The range of approaches can make setting up an ethical investment policy confusing - but it's worth persevering.

A surprising number of voluntary sector organisations still don't have ethical investment policies. They operate on the basis that they need to maximise their financial resources and that restricting their investment policies will compromise this. Trusts and foundations often share this attitude, yet there's a growing body of evidence that an ethical investment policy will not compromise the ability to generate income.

"I think we need to use any means to push foundations to think about this issue," says Danielle Walker Palmour, director of the Friends Provident Foundation. "We probably distribute about 5 per cent of our money; the other 95 per cent is invested in all sorts of areas to make money."

So why are relatively few foundations active in this area? One reason is that trusts - like other third sector bodies - don't always know where to start. Ethical investment, after all, spans a whole continuum, from screening so as to avoid specific investments to mission-related investment.

"There are a lot of different approaches," says Sam Collin of the Ethical Investment Research Service. "It's a matter of finding which issues are the most relevant to you and the approach that suits you." Collin is in charge of www.charitysri.org, the website set up last September by the Eiris Foundation and the UK Social Investment Forum. Its purpose is to increase the number of charities investing ethically, but it is also intended as a resource for grant-makers.

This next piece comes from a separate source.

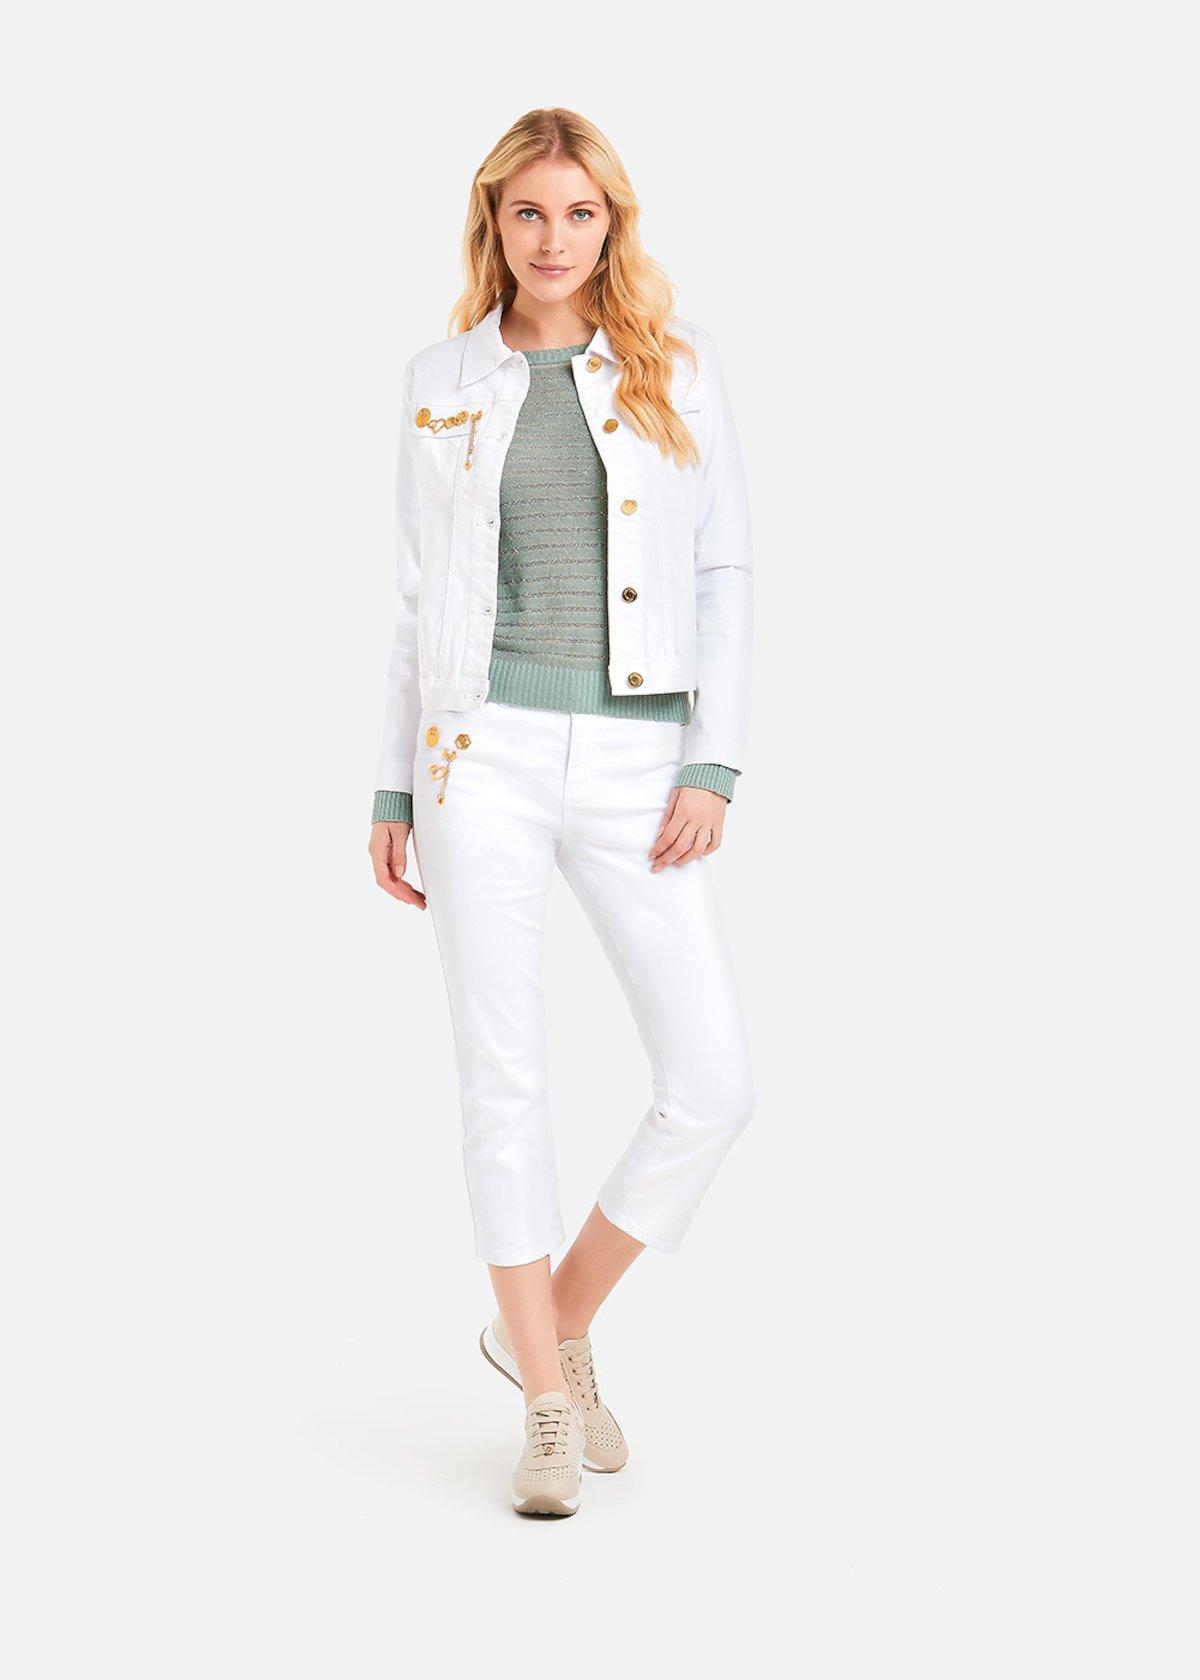 Pantaloni Pretty con dettagli light gold rose - White
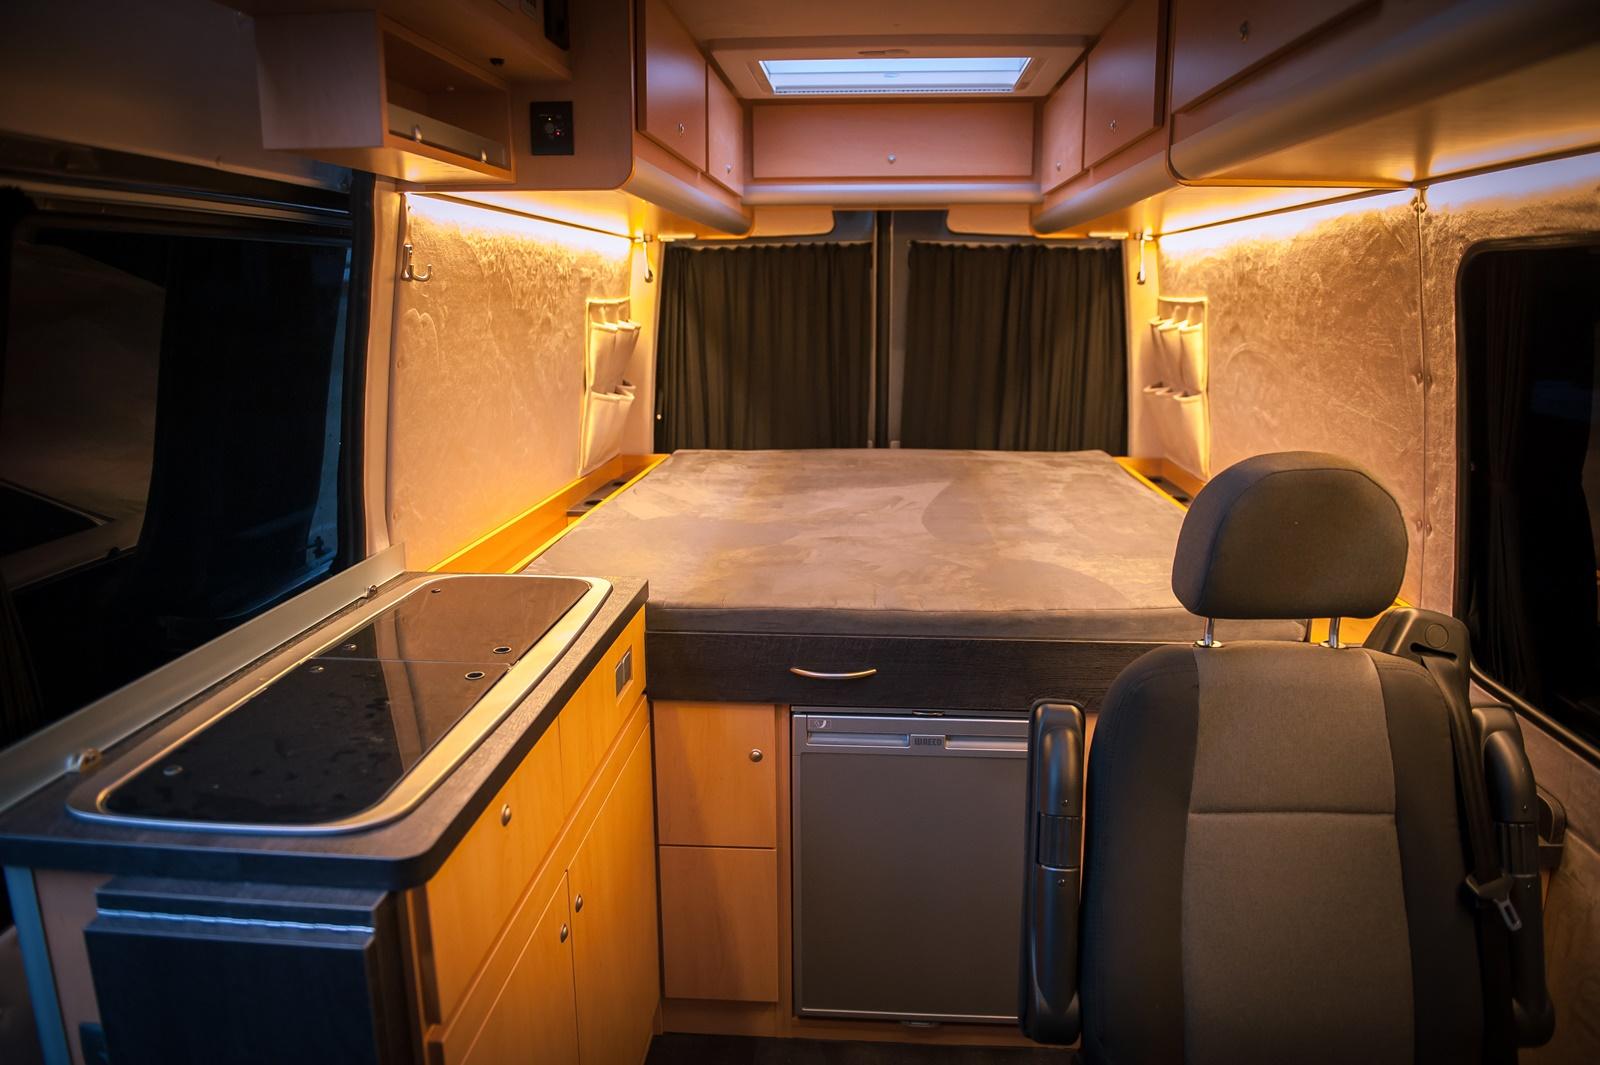 bs camperwerk ausbau jeglicher fahrzeuge zum wohnmobil reparaturen und wartungen f r alle. Black Bedroom Furniture Sets. Home Design Ideas

"Trusts and foundations tend to be the organisations with the greatest amounts to invest," she says. "They really can lead the way in terms of using all their resources, not just the money they give out in grants. I think trustees tend to be quite conservative, with a small 'c'. They're obviously keen to do the right thing with charity resources, but they're worried about the legality and the financial implications. The wealth of different approaches can be confusing."

Jackie Turpin, finance secretary at the Joseph Rowntree Charitable Trust, which contributed to the site, agrees: "We have a common ethical base for our work. A lot of other foundations would like to have ethical stances, but the trustees have difficulty getting a starting point. That's the beauty of this site - it gives them a way in."